The breakdown of modern societies has many interconnected causes... What happened to the family? What happened to proper (warm and civil) communities? Many of the answers are in Chesterton and Belloc (Chesterbelloc).
(11-07-2013, 10:29 PM)Roger Buck Wrote: [ -> ]Yes, Jacob. That chain completely fascinates me Belloc >>> Chesterton >>> Wilhelmsen>>>Bozell>>>Triumph magazine>>> Warren H. Carroll >>> Christendom College.

What Warren H. Carroll did - writing Catholic history - owes so much to Belloc.

The whole focus on Christendom owes so much to Belloc and Europe and the Faith.

So far this thread has focussed mainly on Distributism. But Belloc was responsible for this and so much more. There is a whole complex of ideas around Catholic History and Christendom that goes back to Belloc.

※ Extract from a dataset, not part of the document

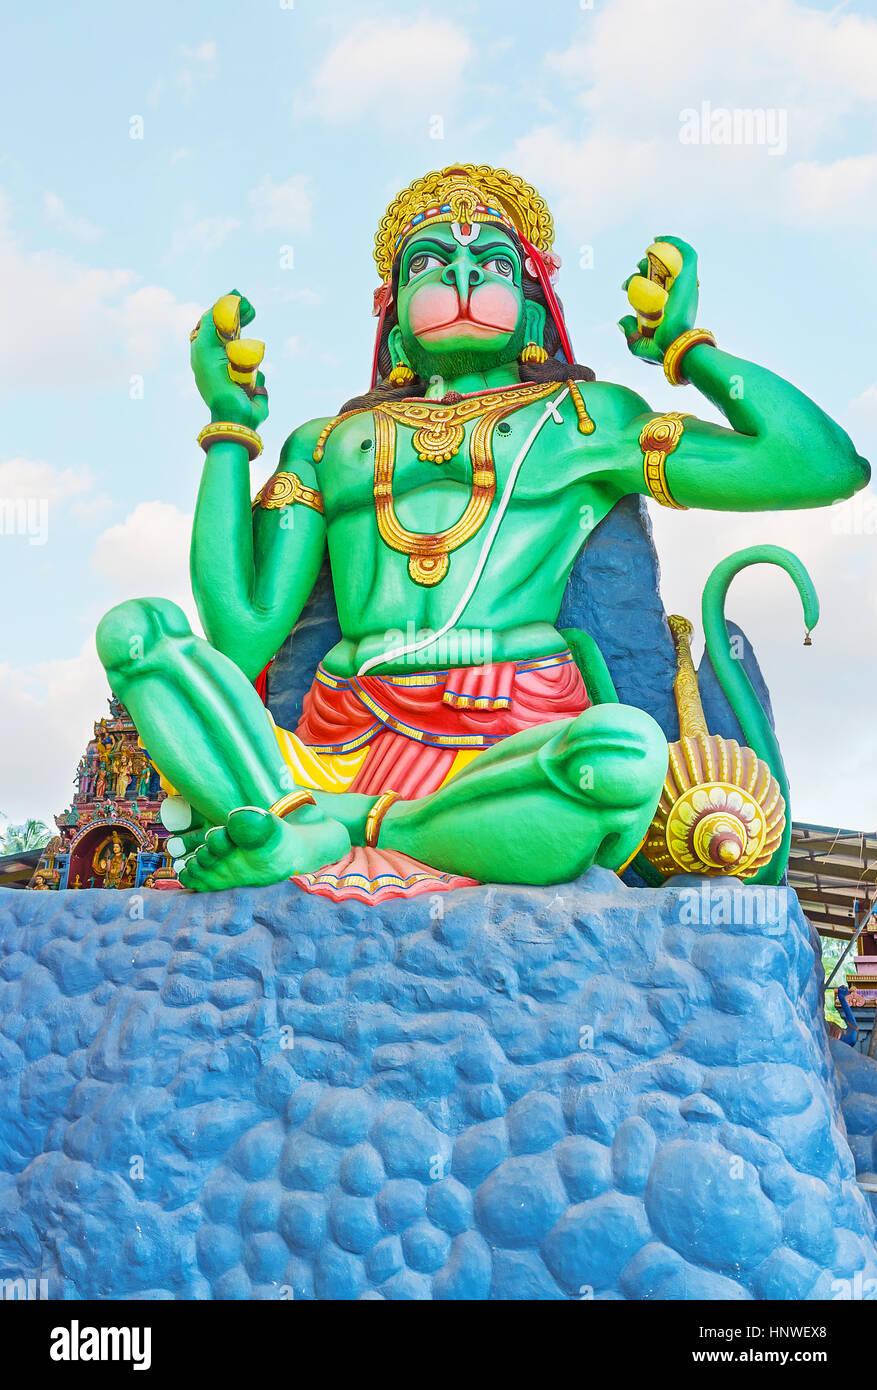 hanuman monkey stock photos u0026 hanuman monkey stock images alamy
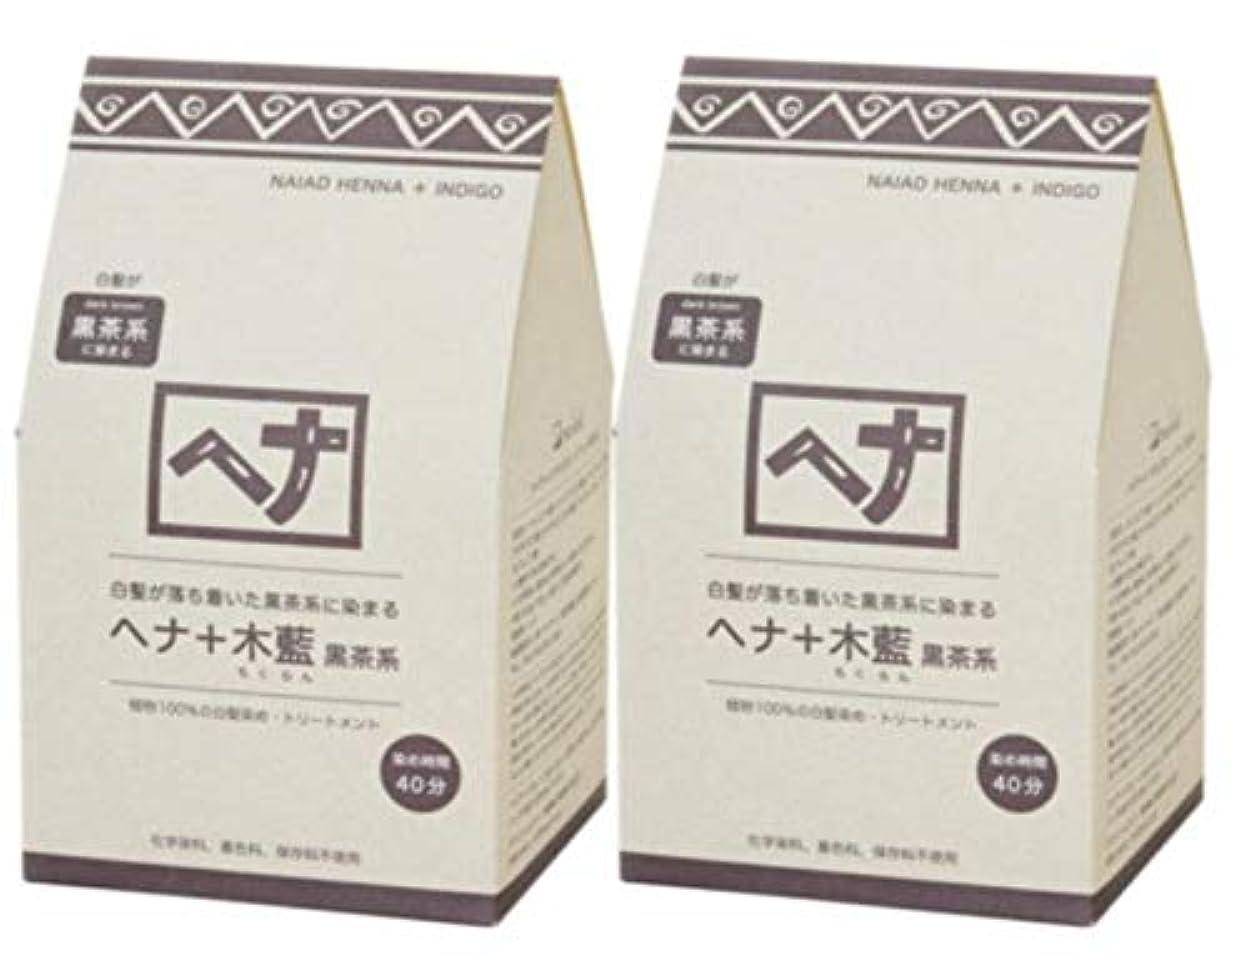 ほうき解読するアブセイNaiad(ナイアード) ヘナ+木藍 黒茶系 400g 2個セット

Would be very interested to know if that Bozell article is online or has been reprinted somewhere on Belloc's Servile State. It's not in that big Triumph book, I think? (Which incidentally I love but haven't yet finished reading).

I have the big Triumph book too, but I haven't gotten too far into that yet except for skimming and reading certain articles.  Bozell's article is reprinted in his collection of speeches, articles, and essays that he put together in the mid-80s, Mustard Seeds: A Conservative Becomes a Catholic.  You can buy it online.  I bought my copy new through the Christendom Press website.  It is unfortunate that so much of his stuff and Wilhelmsen's is not online and therefore ignored.
@Jake: if you read The Servile State you should read The Crisis of Civilization as well.  It continues his theme of how we are entering a new age of slavery in post-Christendom
(11-08-2013, 11:49 AM)drummerboy Wrote: [ -> ]@Jake: if you read The Servile State you should read The Crisis of Civilization as well.  It continues his theme of how we are entering a new age of slavery in post-Christendom

Thank you drummerboy!

Sometimes I feel like writing a letter to the Vatican and asking them to consider erecting a statue to these two great men.